● Your goal
A faithful copy is required: transcribe each line below exactly, minus the pictures.

● Data section

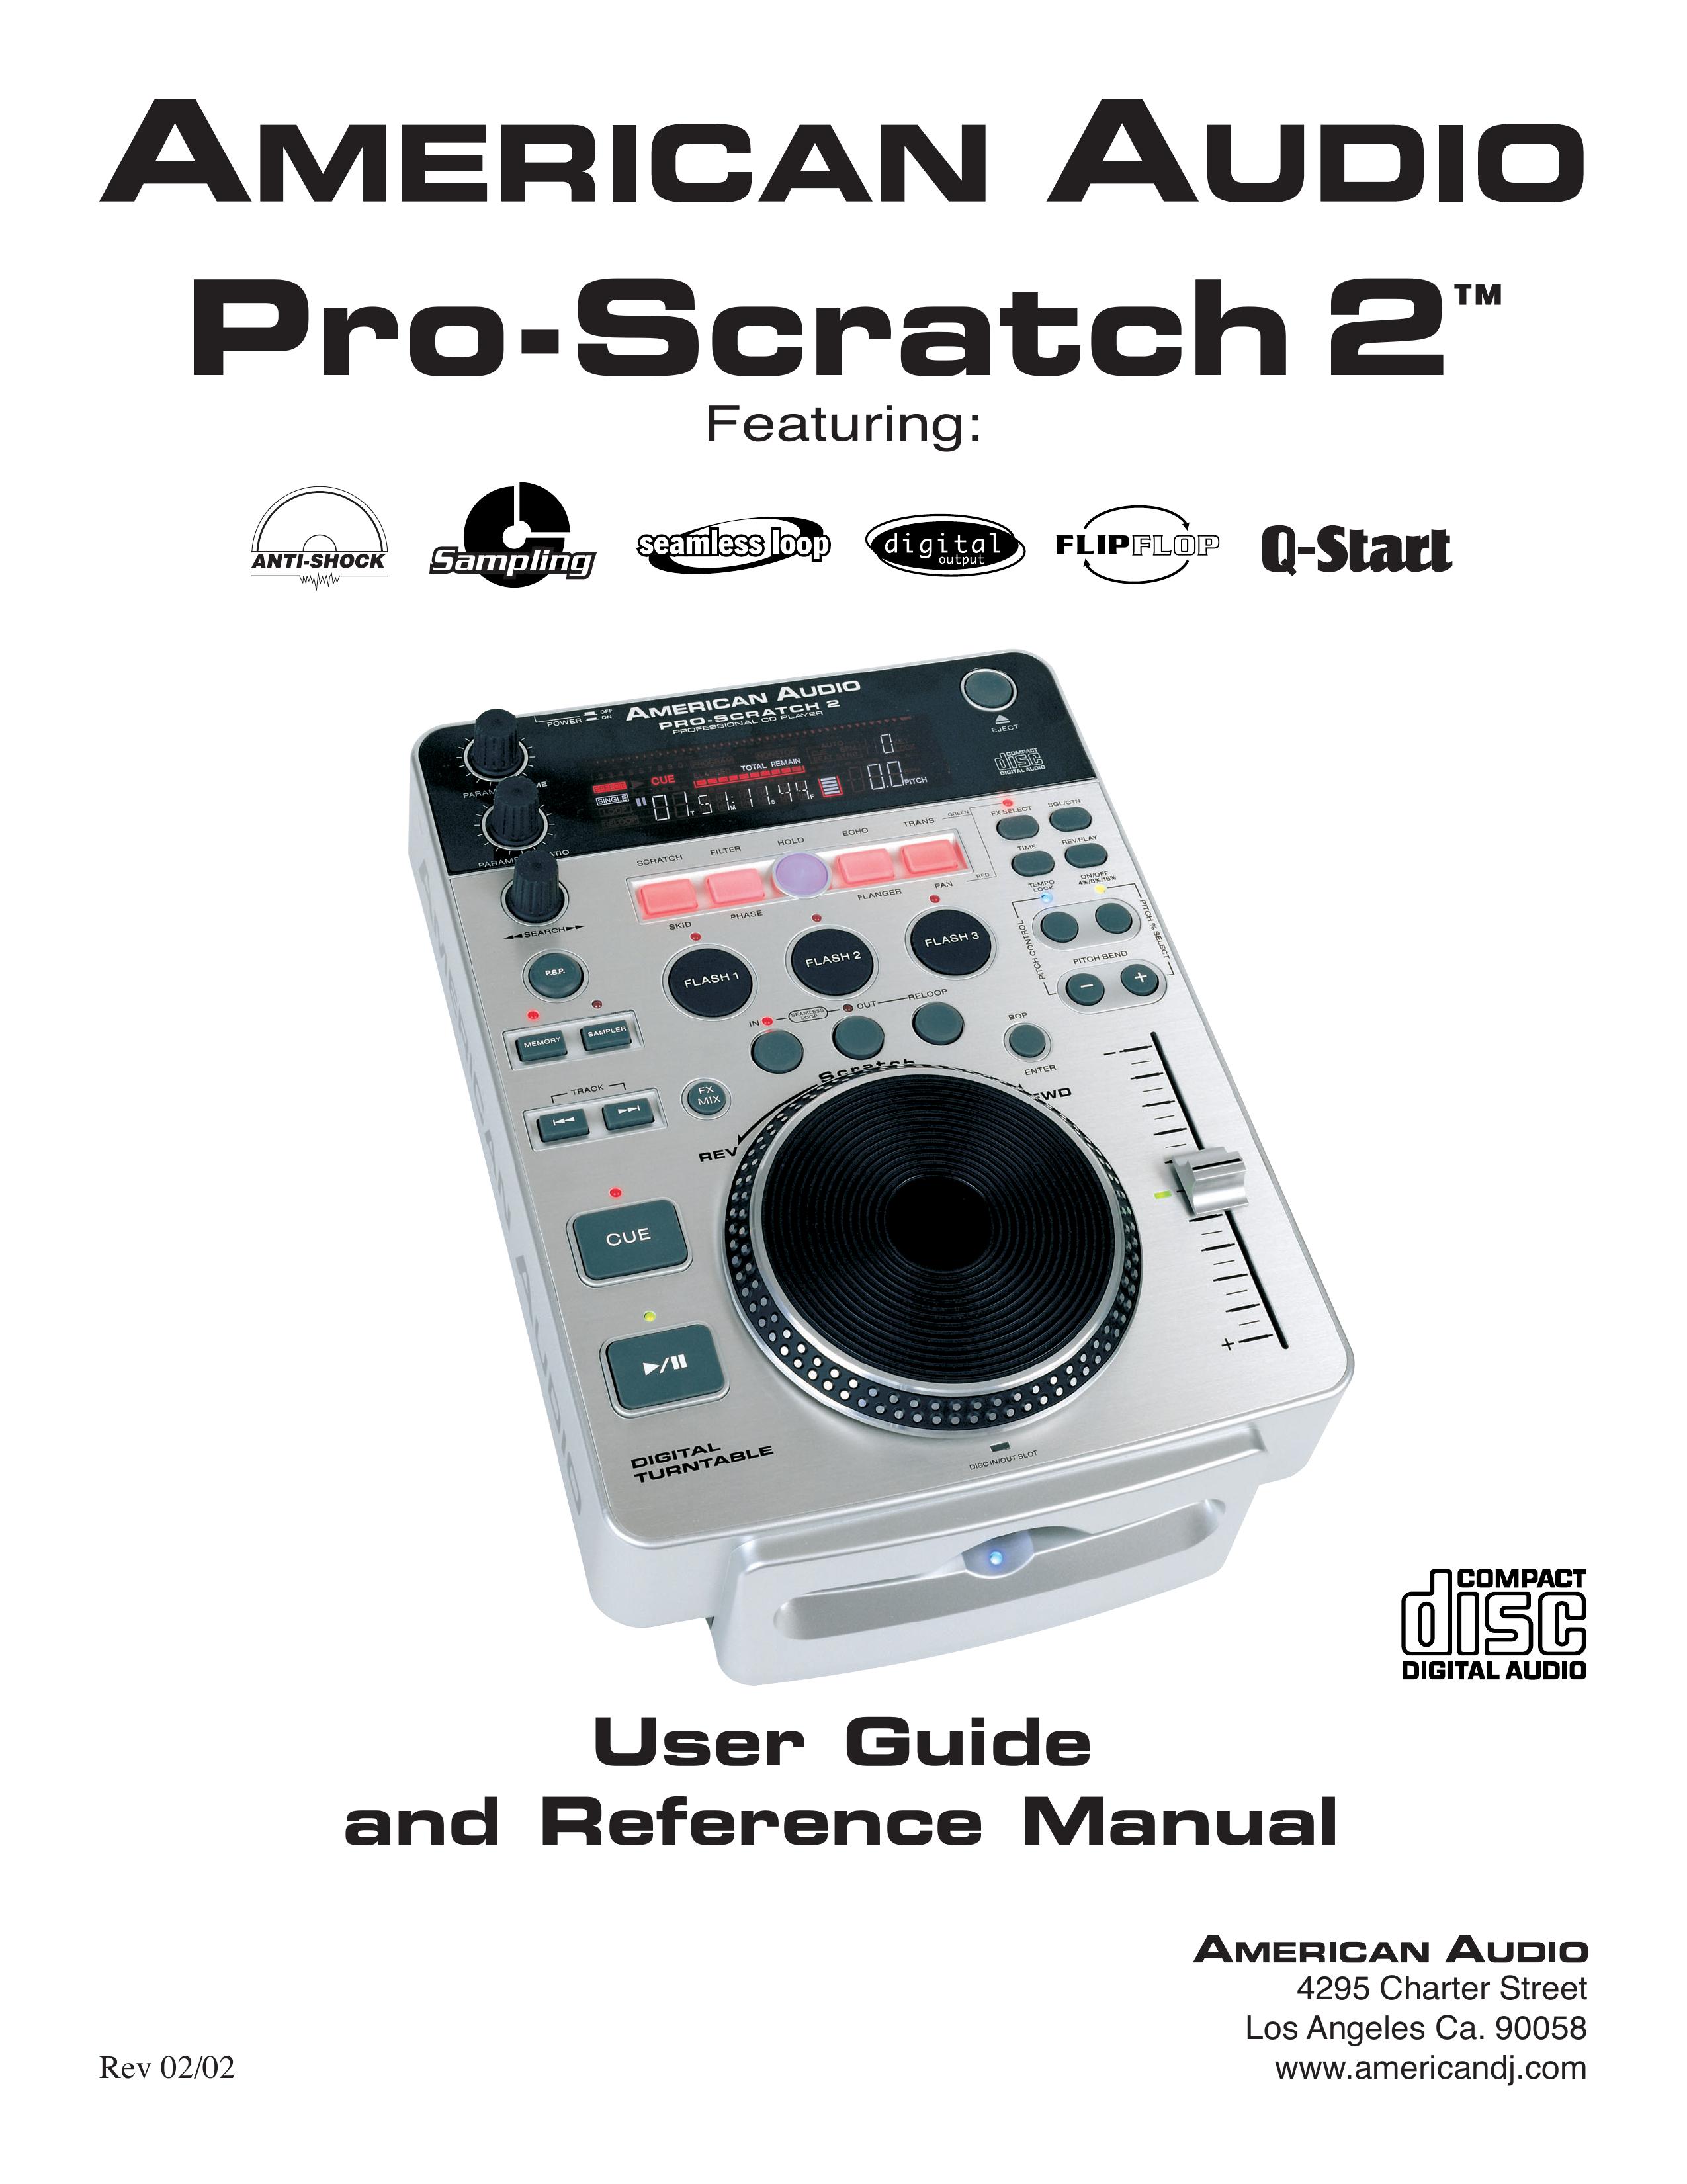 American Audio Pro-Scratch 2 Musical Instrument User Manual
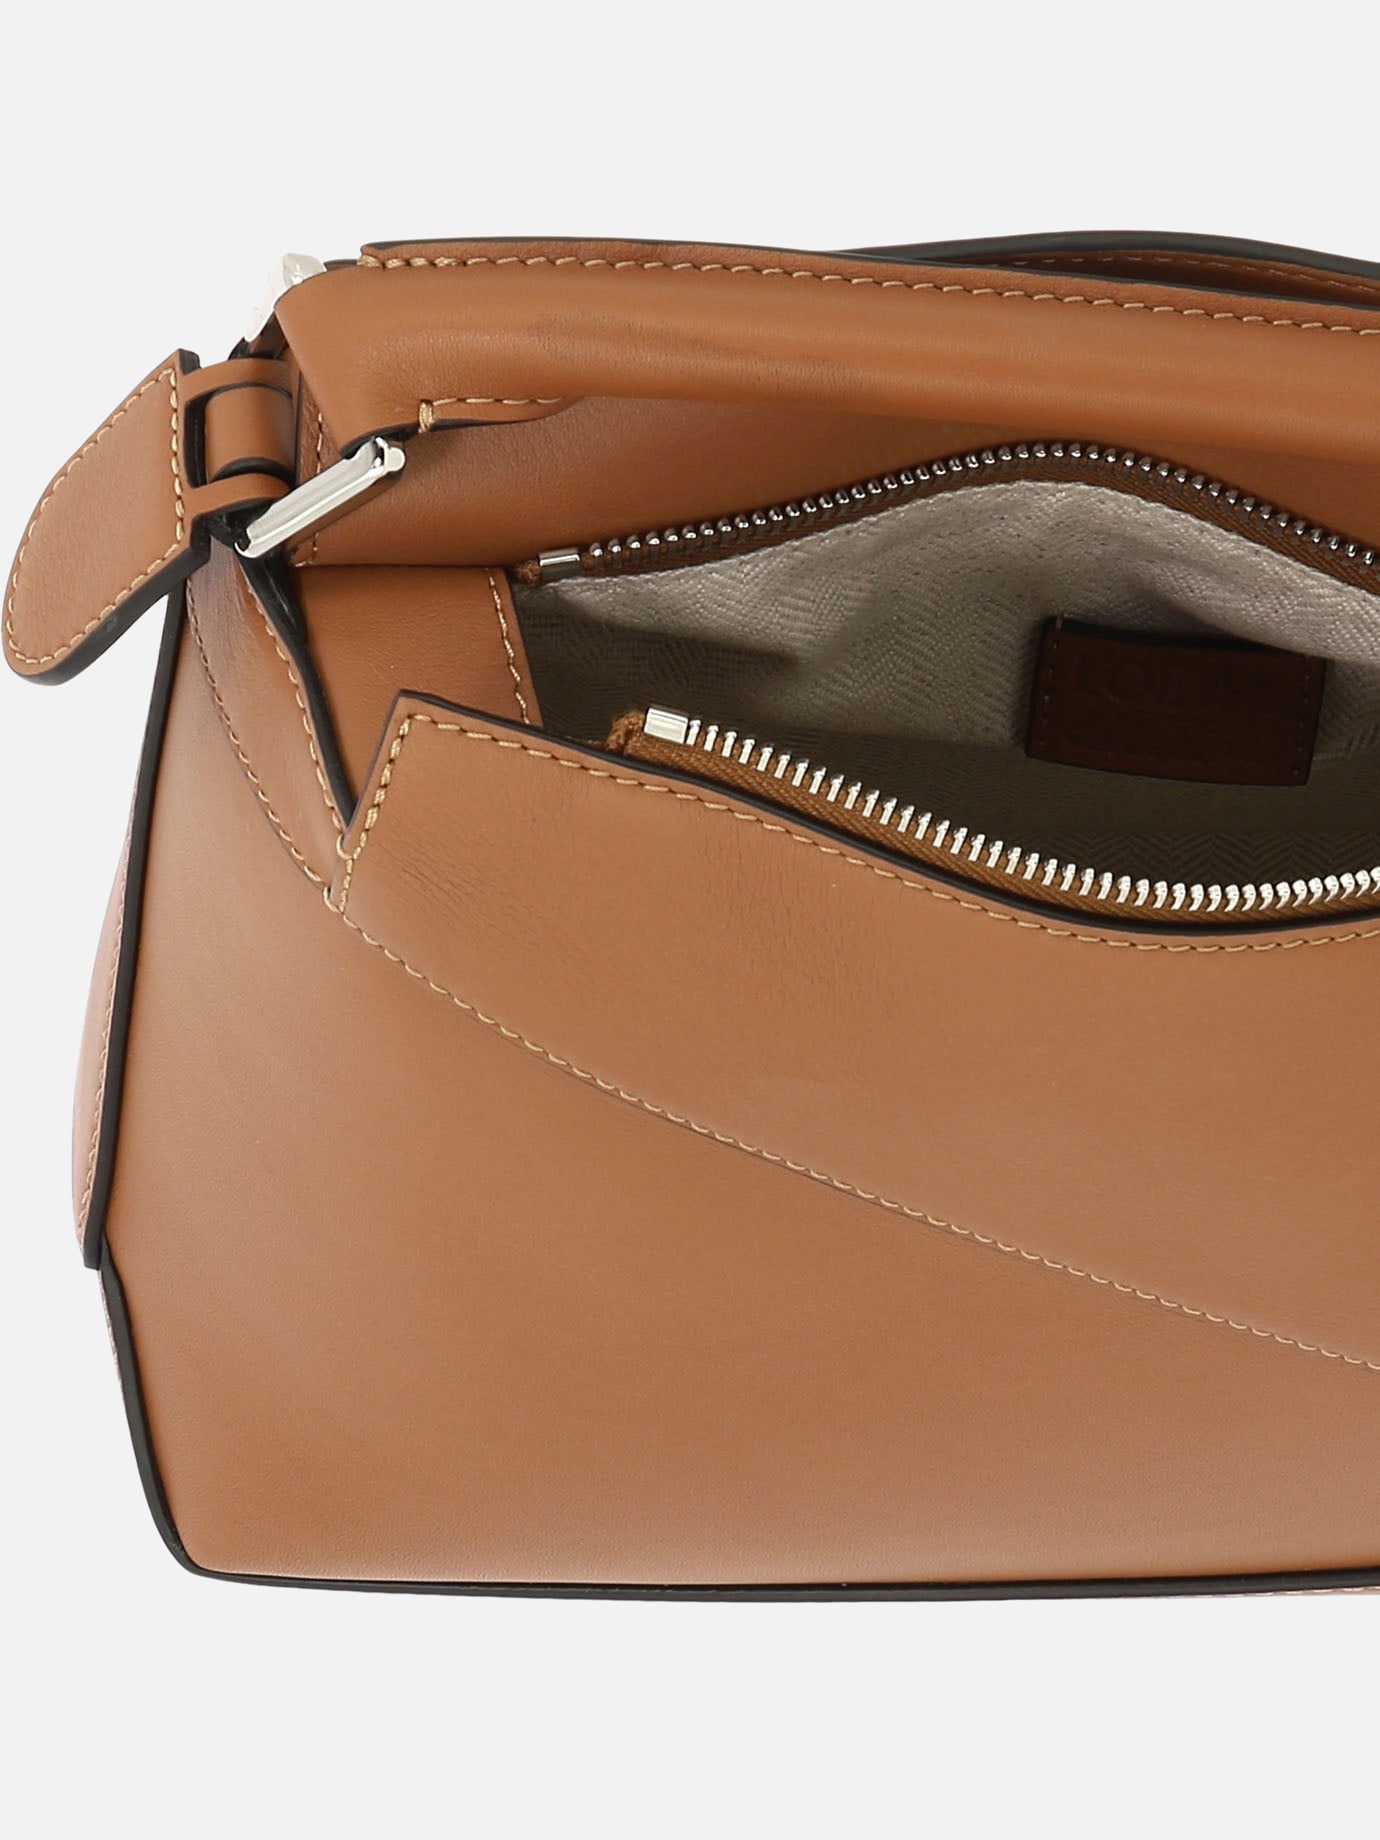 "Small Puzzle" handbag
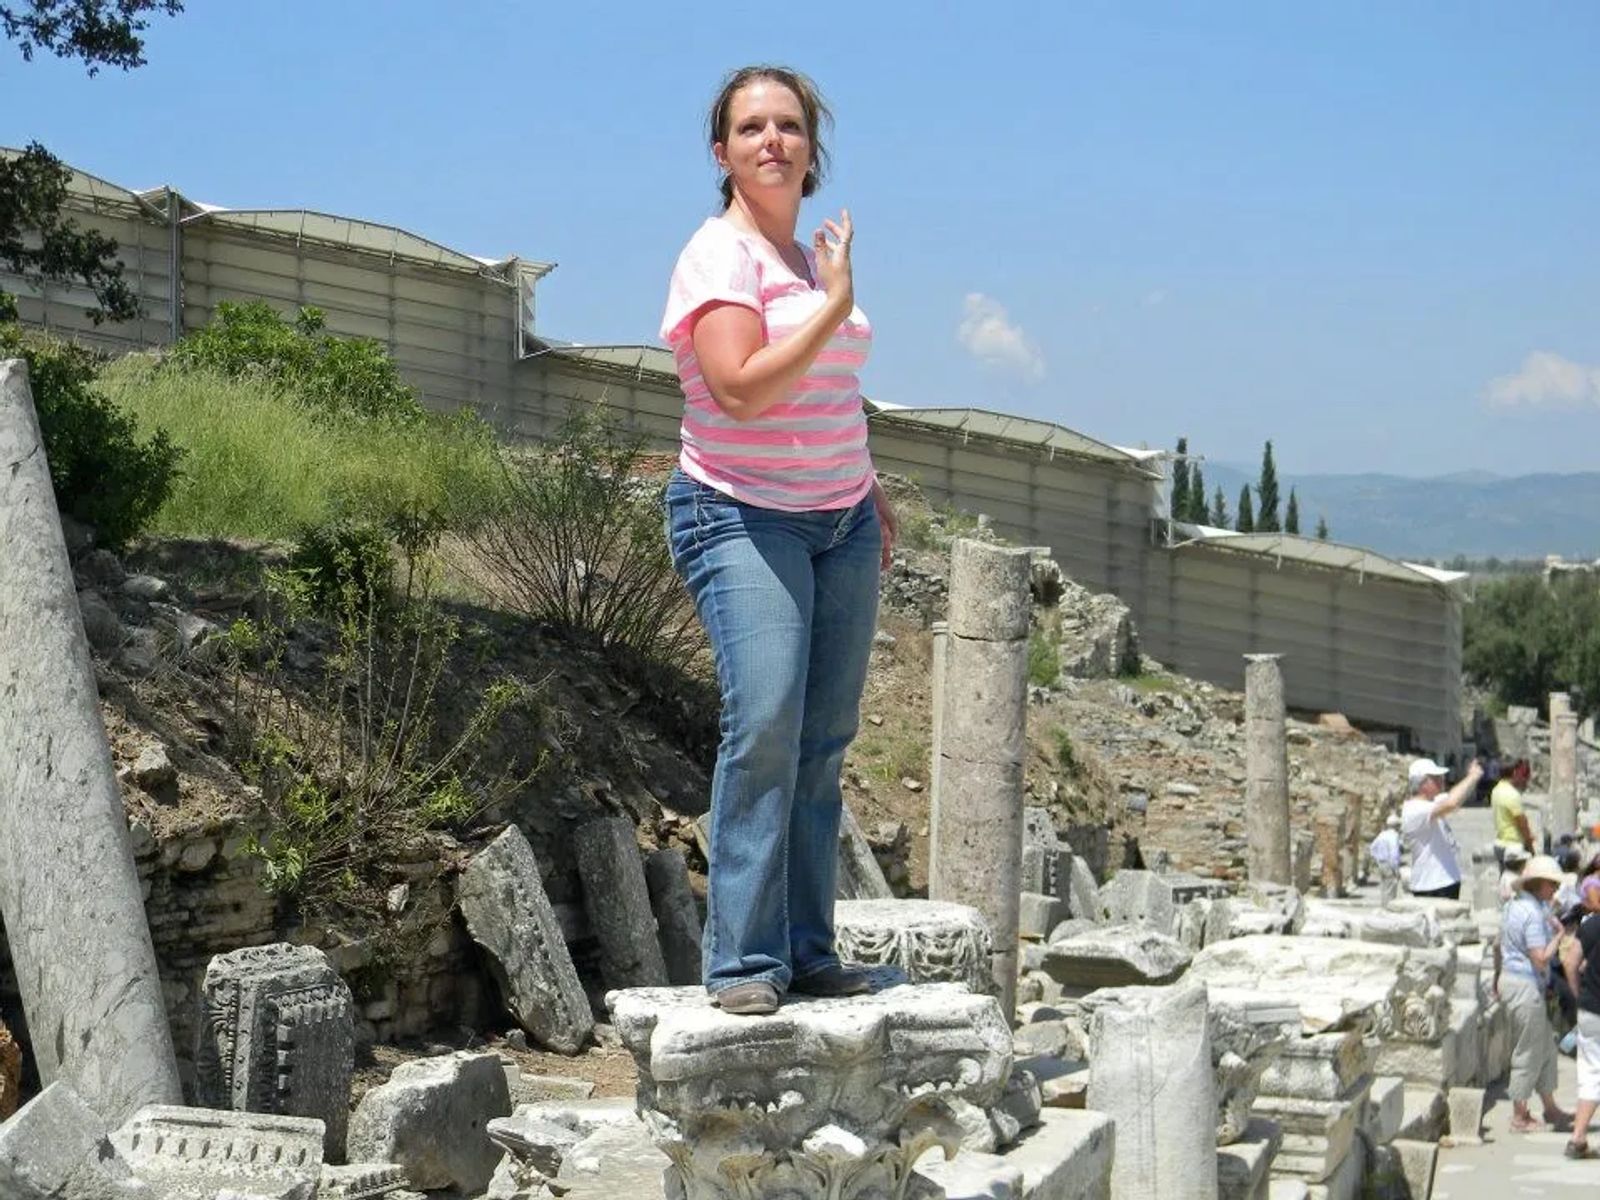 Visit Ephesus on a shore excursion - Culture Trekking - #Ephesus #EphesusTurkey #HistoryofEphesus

● Answer section
 American Audio Pro-Scratch 2 Musical Instrument User Manual
 "Small Puzzle" handbag
 Visit Ephesus on a shore excursion - Culture Trekking - #Ephesus #EphesusTurkey #HistoryofEphesus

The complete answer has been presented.